As an aside, a common practice in Gibbs sampling is recording only every $q^{th}$ sample after the burn-in period. If, for example, $n = 21$, $b = 10$, and $q = 5$, our sample would be $\lbrack X_{11},X_{16},X_{21}\rbrack$. This is referred to as thinning. As Geyer shows, thinning does reduce autocorrelation in our final sample, but it also increases the variance of estimates based on the sample. However, thinning may still be useful when the cost of sampling is quite low compared to the post-sample cost of estimation. This tradeoff is explored in more detail by Owen.

Another important property, encompassed by the reasonable conditions mentioned above, is that for highly correlated $X^{(i)},X^{(j)}$, Gibbs sampling becomes very slow to converge. For instance, suppose $X^{(1)} = X^{(2)}$ always, so our sample space is $\Omega = \{(c,c) \vert c \in R \}$, and we initially set $\left( x_{1}^{(1)},\ x_{1}^{(2)} \right) = (a,a)$. The conditional distribution is $g_{1}\left( x^{(1)} \vert x_{1}^{(2)} \right) = a$, so our draw gives $x_{2}^{(1)} = a$. But we already had $x_{1}^{(1)} = a$!

In this case of perfectly correlated variables, it becomes apparent that our Gibbs sample will never yield any point other than $(a,a)$. In this case, we had perfectly correlated variables. But even for very highly correlated variables, our Gibbs sample may take impractically long to converge to the true joint distribution $k$. Gibbs sampling reduces a multivariate problem to a series of univariate problems, but in some cases this is an oversimplification.

In our definition of the Gibbs sampler, we repeatedly sample the conditionals in a fixed order, which is referred to as systematic scan. Clearly, changing the scan order can affect the path of the Markov chain, thus producing a different sample. It is natural to ask how big that effect can be, and He et al explored that question. In particular, they compared systematic scan to random scan, in which the order of conditionals for the entire sample is a sequence of iid variable choices. For instance, systematic scan with two variables $m = 2$ and sample size $n = 3$ yields either $(x_{1},x_{2},x_{1},x_{2},x_{1},x_{2})$ or $(x_{2},x_{1},x_{2},x_{1},x_{2},x_{1})$ as the scan order. On the other hand, random scan could yield a scan order of $(x_{2},x_{1},x_{2},x_{2},x_{2},x_{1})$; each conditional need not be sampled exactly $n$ times.
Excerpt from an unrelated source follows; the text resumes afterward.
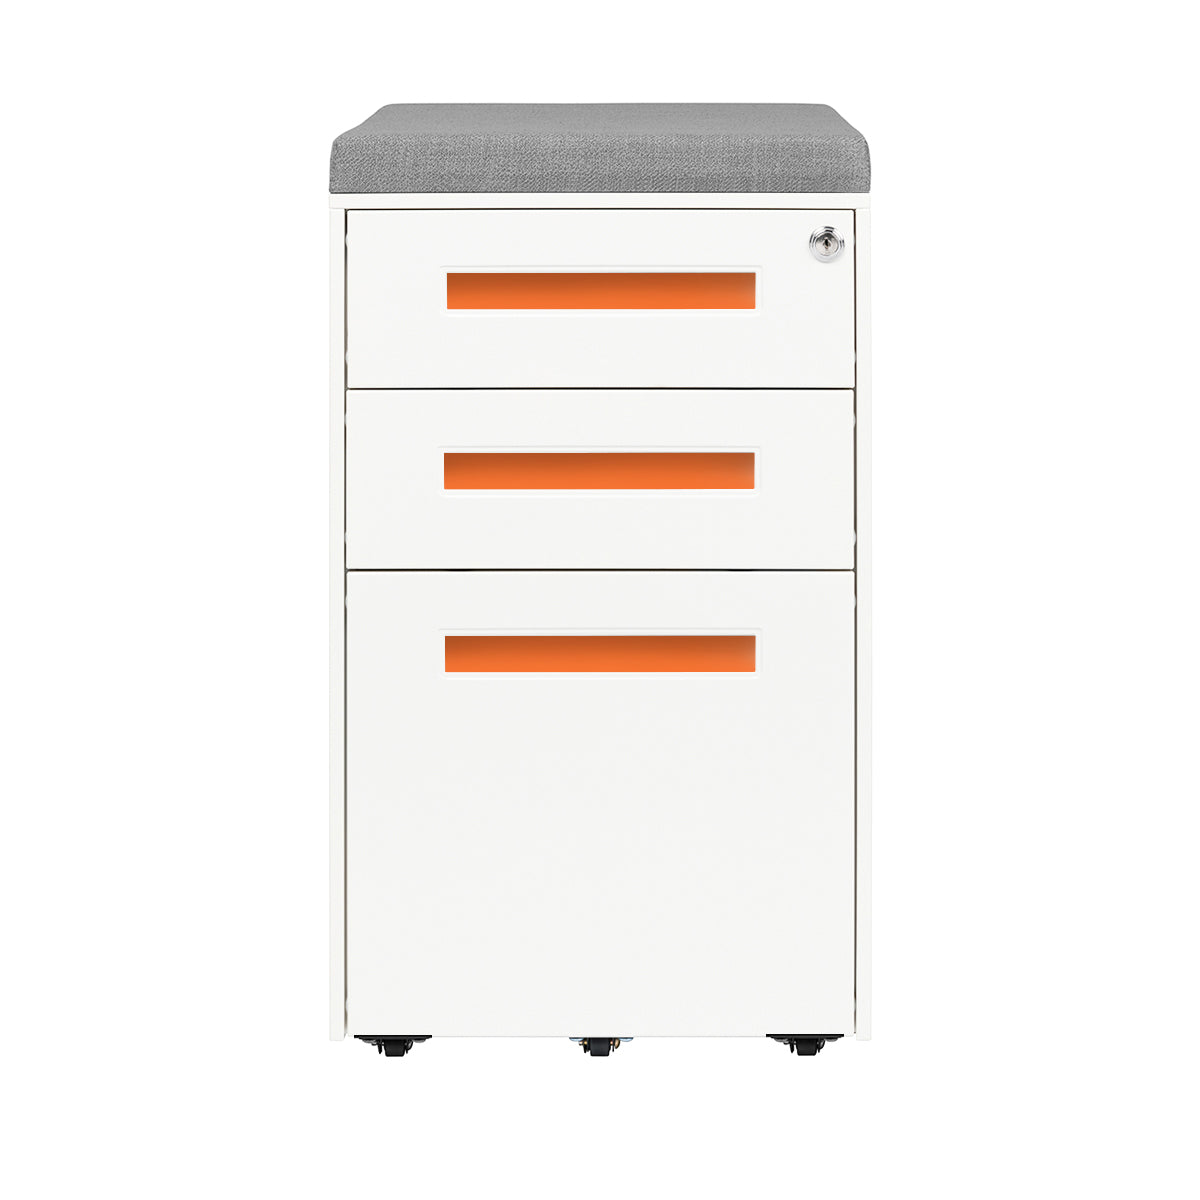 Stockpile Square Seat File Cabinet (Orange)

Additionally, He et al frequently refer to a best systematic scan, and a worst systematic scan, which are intuitively the systematic scan orders yielding the minimum and maximum mixing times.
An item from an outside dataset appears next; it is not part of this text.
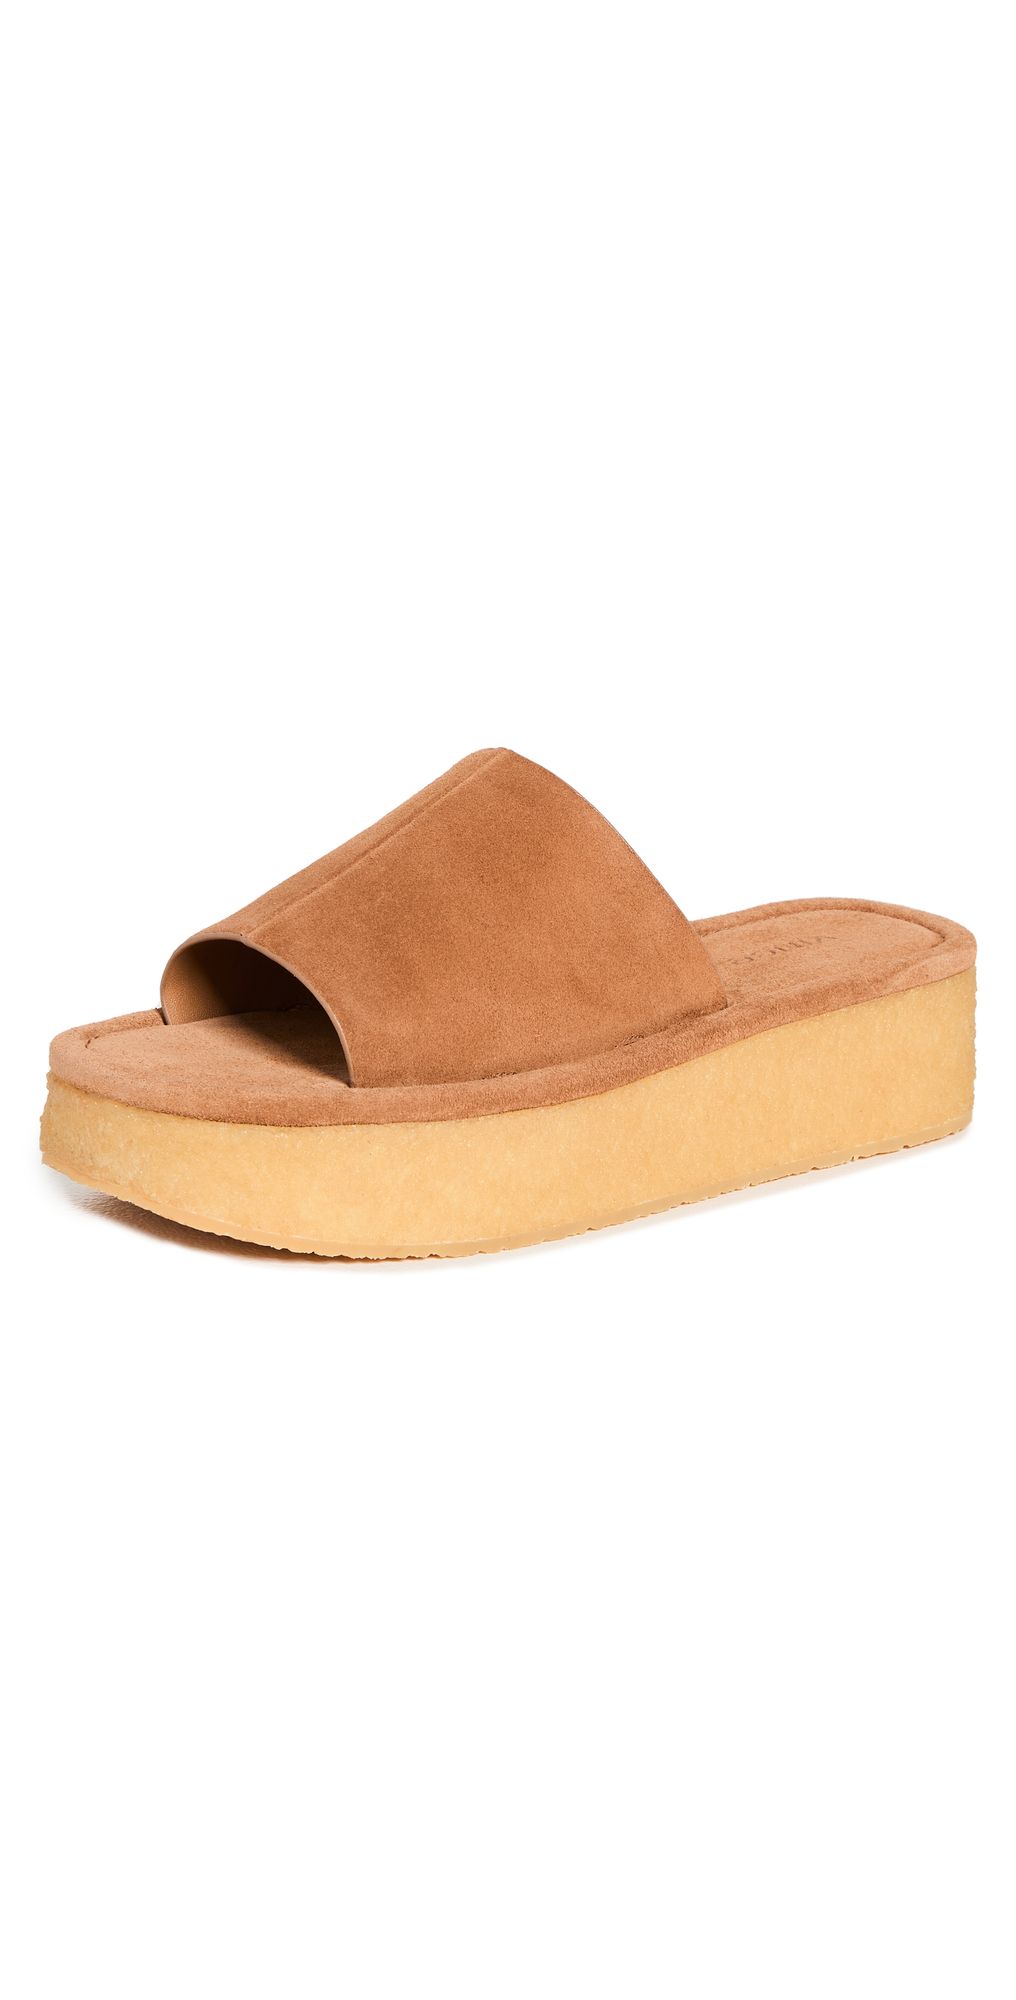 Palley Sandals | Shopbop

It was previously conjectured that these three scans (best systematic, worst systematic, and random) could not differ in mixing time by more than a constant factor. This paper constructed specific counterexamples, and proved that mixing time could in fact differ by up to a polynomial factor. In the table below, note that the two islands model (data is divided into two clusters) mixes exponentially slowly. One can think of it as a nearly-reducible Markov chain.


Figure 3

These relatively new findings have immense practical implications. In practice, Gibbs sampling may not be appropriate for certain datasets. And even when it is, quality of results may depend heavily on scan order. How to choose a good scan order is a topic for future research. Regardless, great care must be taken to verify whether an implementation of Gibbs sampling is appropriate for sampling from a particular $k$.